Of the smaller game, there are preparations such as the conejo a la cazadora (rabbit to the hunter).

Seafood 
Among the fish, like other Castilian provinces there are trout dishes, an example being the truchas con jamón (trout with ham).

Confectionery, desserts 
The pastries of the province include specialities such as bolla de chicharrones (pork rind cake), rosquillas de palo (stick donuts), mariquitas (ladybirds), roscados (donuts), mantecados de Portillo, roscos de yema (yolk roscos), rosquillas de trancalapuerta (donuts of trancalapuerta), bizcochos de Santa Clara of Tordesillas (Santa Clara cakes), hojuelas (flakes), bizcochos de cura (cakes of cure).

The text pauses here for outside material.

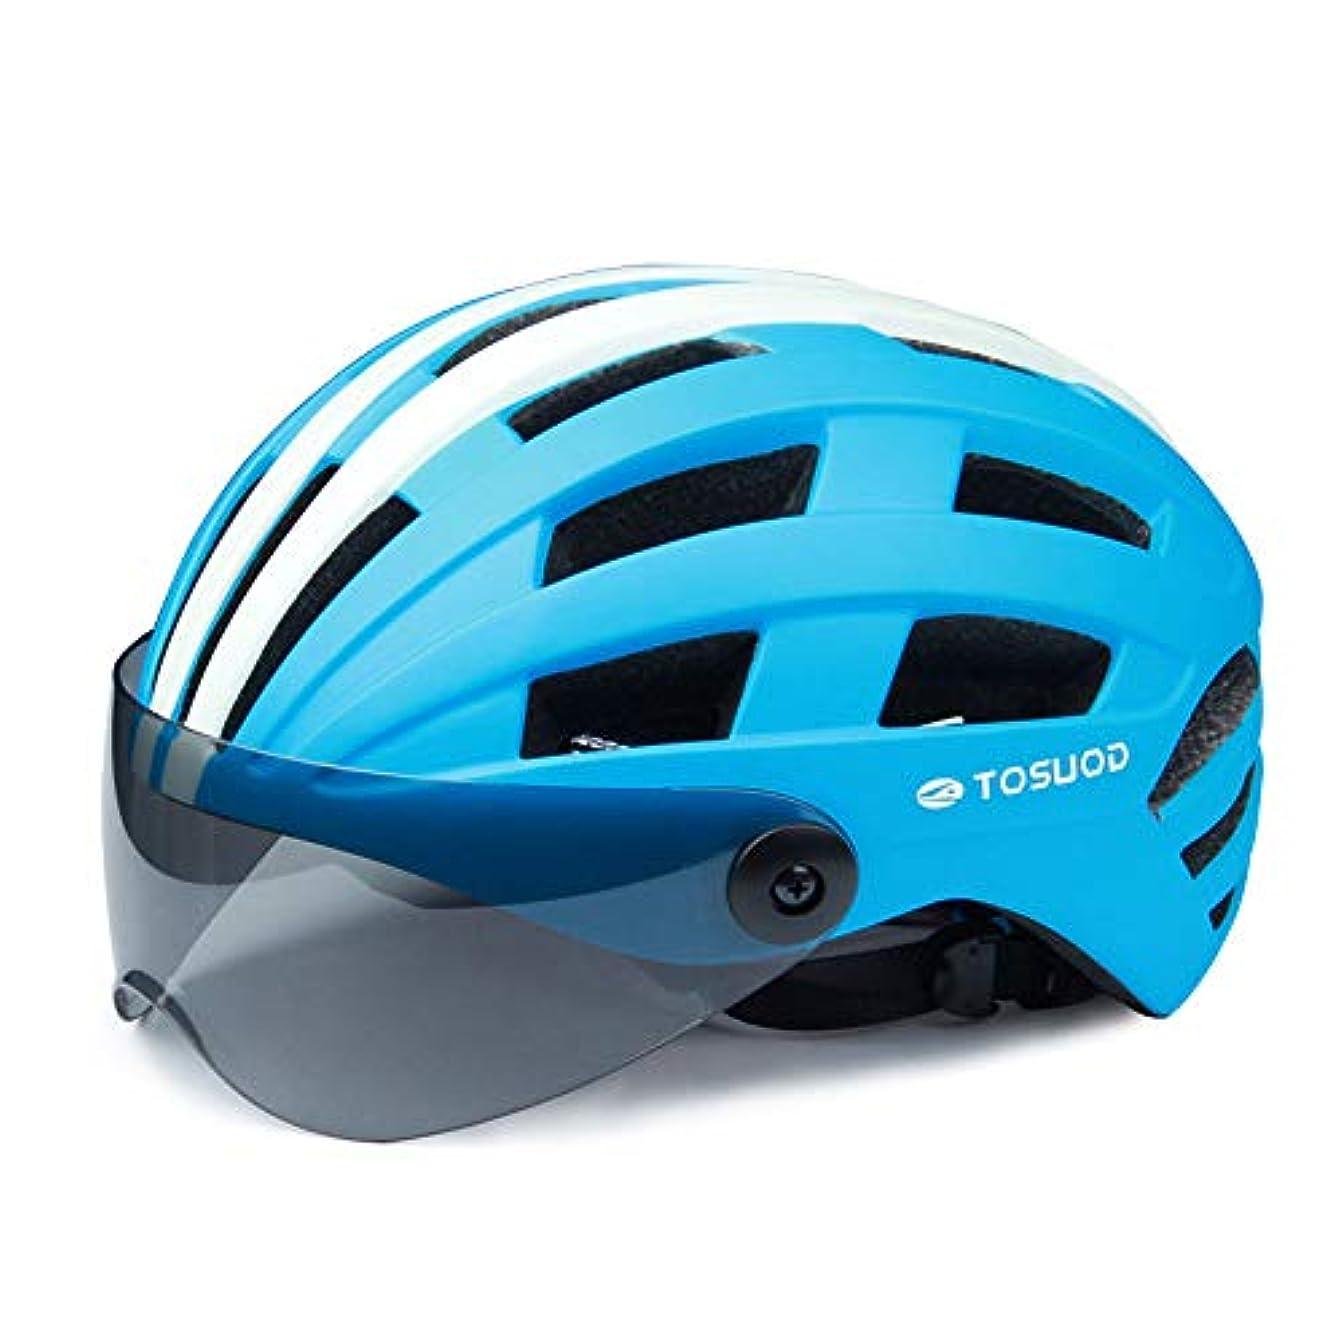 飾る標準ヘビ自転車 ヘルメット で磁気ゴーグルバ 超軽量 高剛性 サイクリング サイクリング/山地/道路に最適のヘルメット 通気 サイズ調整可能 男女兼用 55-62CM

Other generic dishes popular in the province include arroz con leche (rice pudding).

Special dishes 
It is common during Holy Week to consume special food that is part of the Gastronomy of Holy Week (mainly desserts).

On September 8 in Valladolid during the celebration of the , sweets, pastas, pastries and other desserts are usually served, one highlight being the tarta de San Lorenzo (pie of Saint Laurence).

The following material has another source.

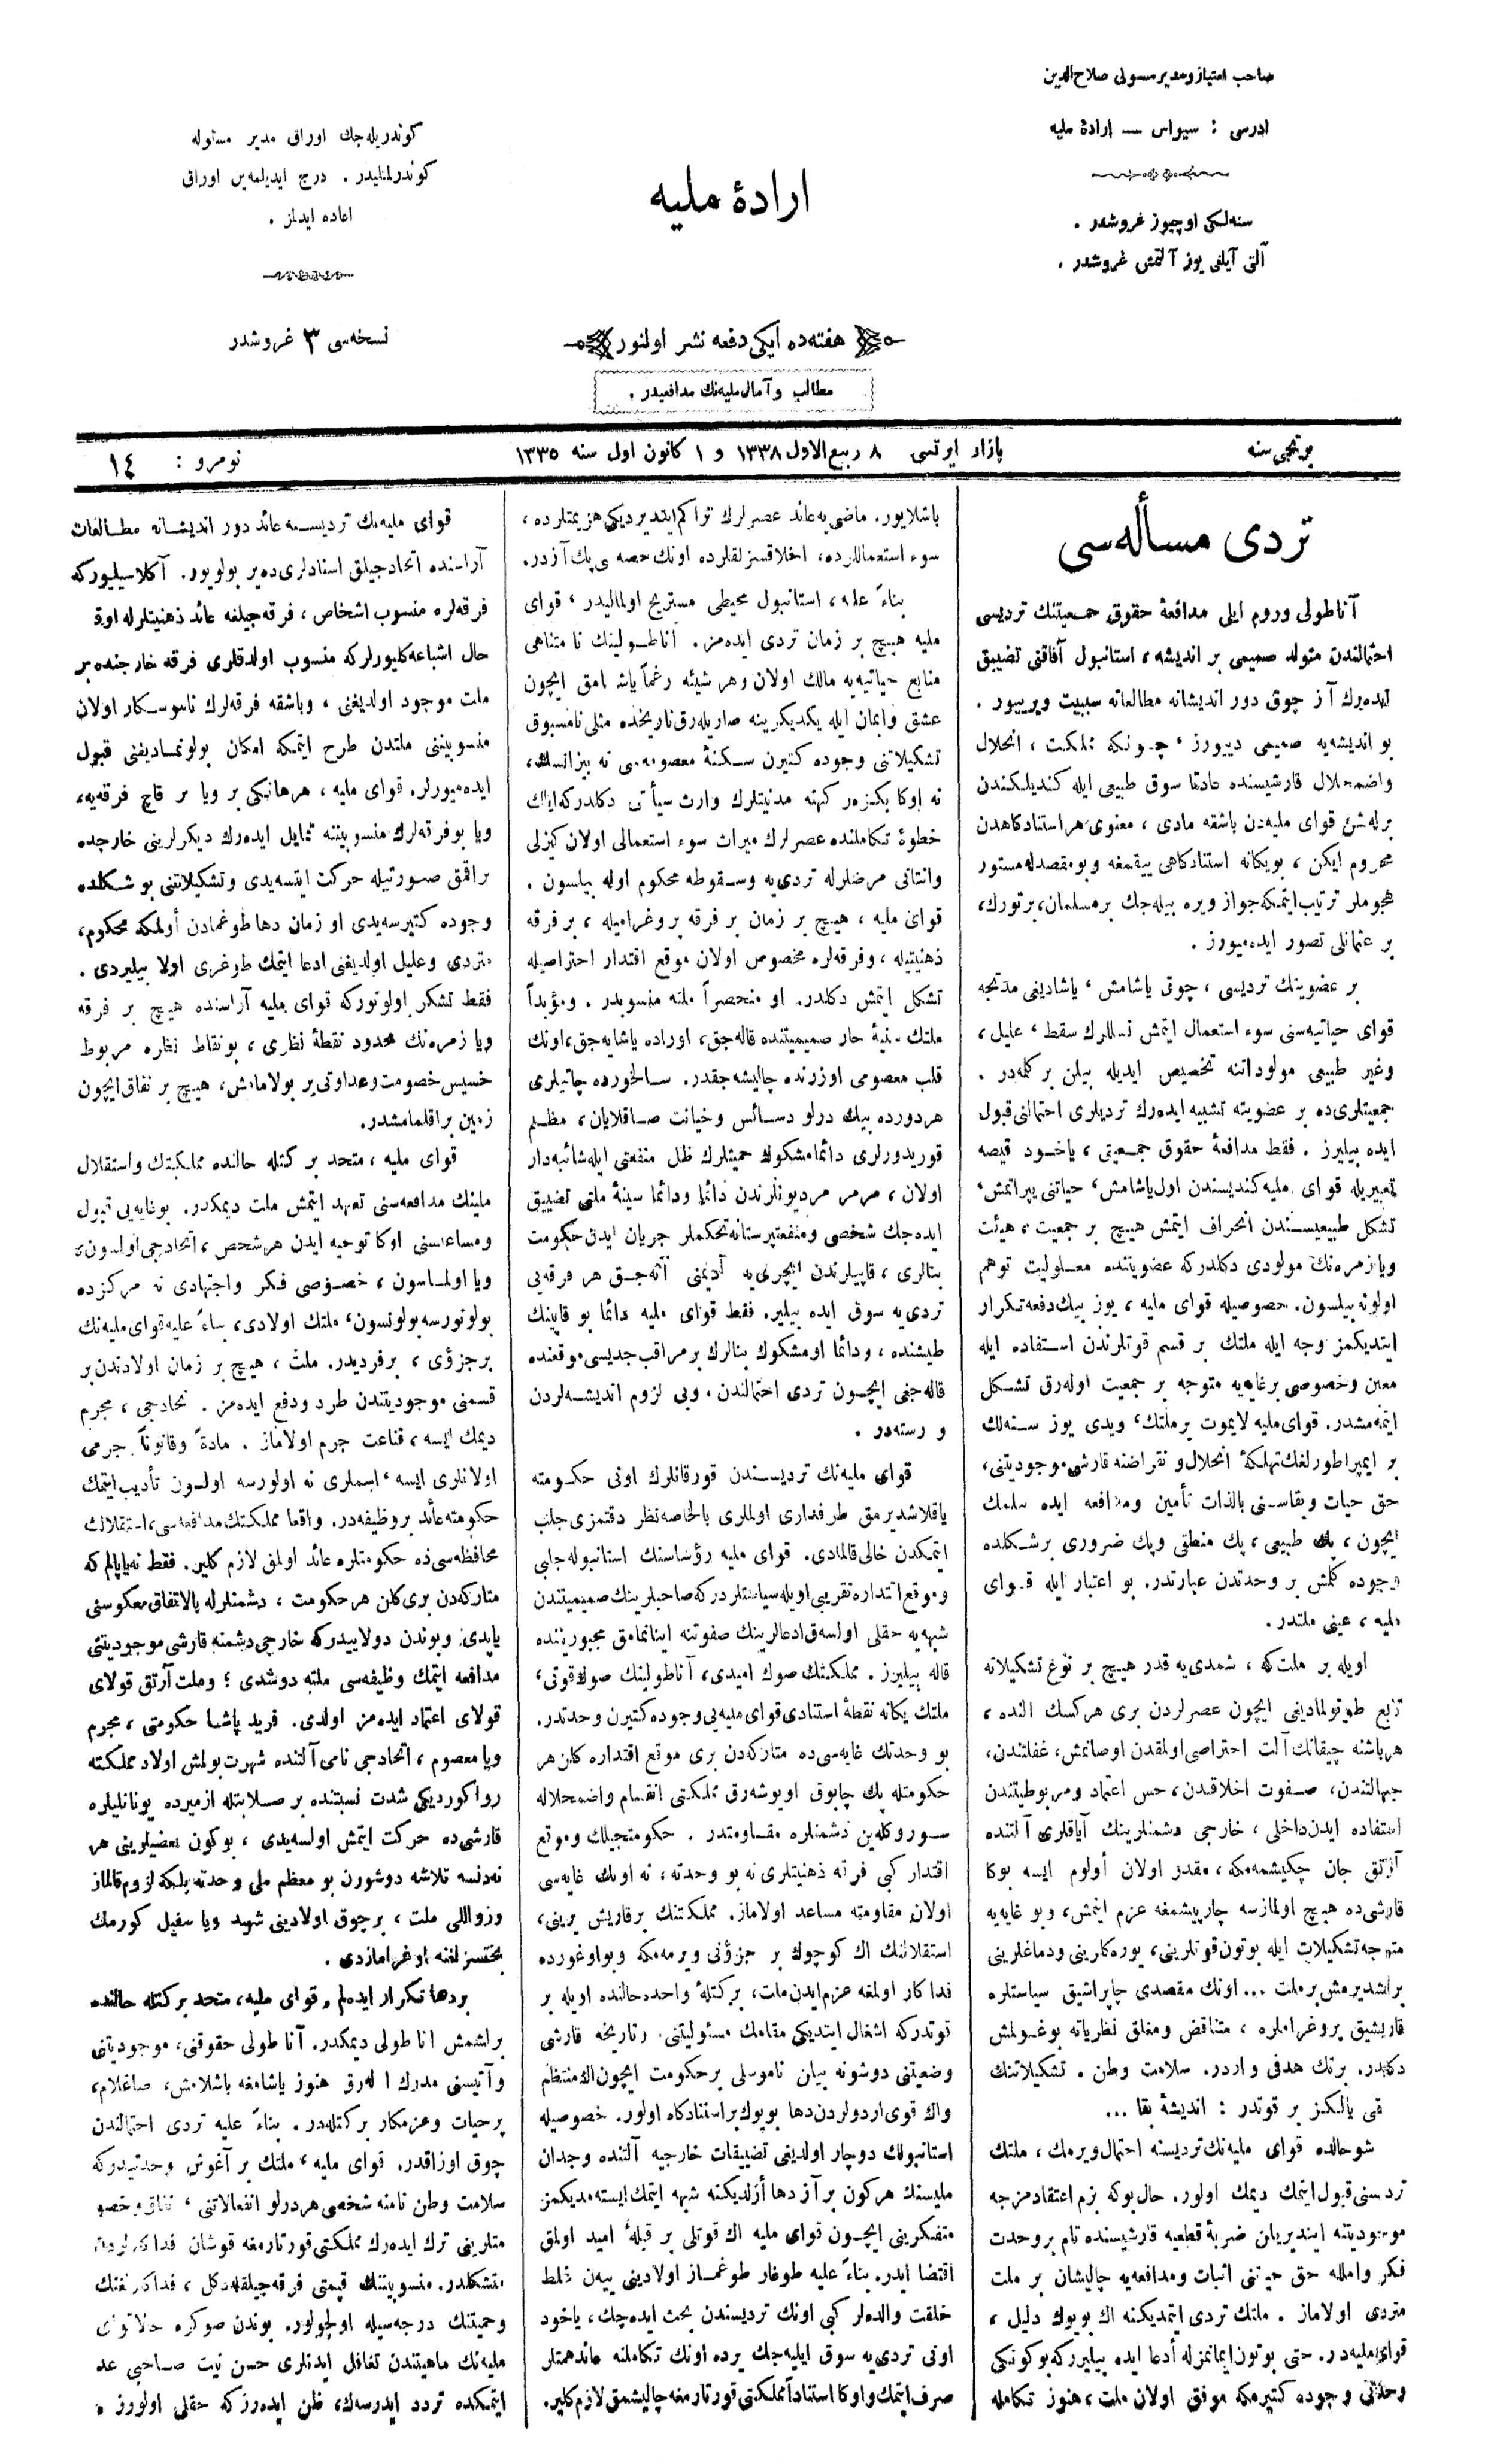 1 Aralık 1919 Tarihli İrade-i Milliye (Sivas) Gazetesi Sayfa 1

On dates near Halloween and All Saints' Day (October 31 and November 1, respectively) it is very typical to consume products known as  (saint's bones) and buñuelos (similar to fritters).

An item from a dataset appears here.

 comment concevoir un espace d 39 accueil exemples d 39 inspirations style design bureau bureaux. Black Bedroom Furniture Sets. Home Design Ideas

At Christmas, the Gastronomy of Christmas  is abundant and diverse, with many sweet dishes, such as turrón, the polvorones of Tordesillas being the most famous, Date palm, marzipan, and Dragées.

It is also usual eat typical dishes of dates, such as suckling pig, chicken, turkey, capon, lamb and mutton, and bream and prawns (in addition to other seafood).

On 31 December (new year) it is a tradition to eat Twelve Grapes to the rhythm of the first twelve bells of the new year.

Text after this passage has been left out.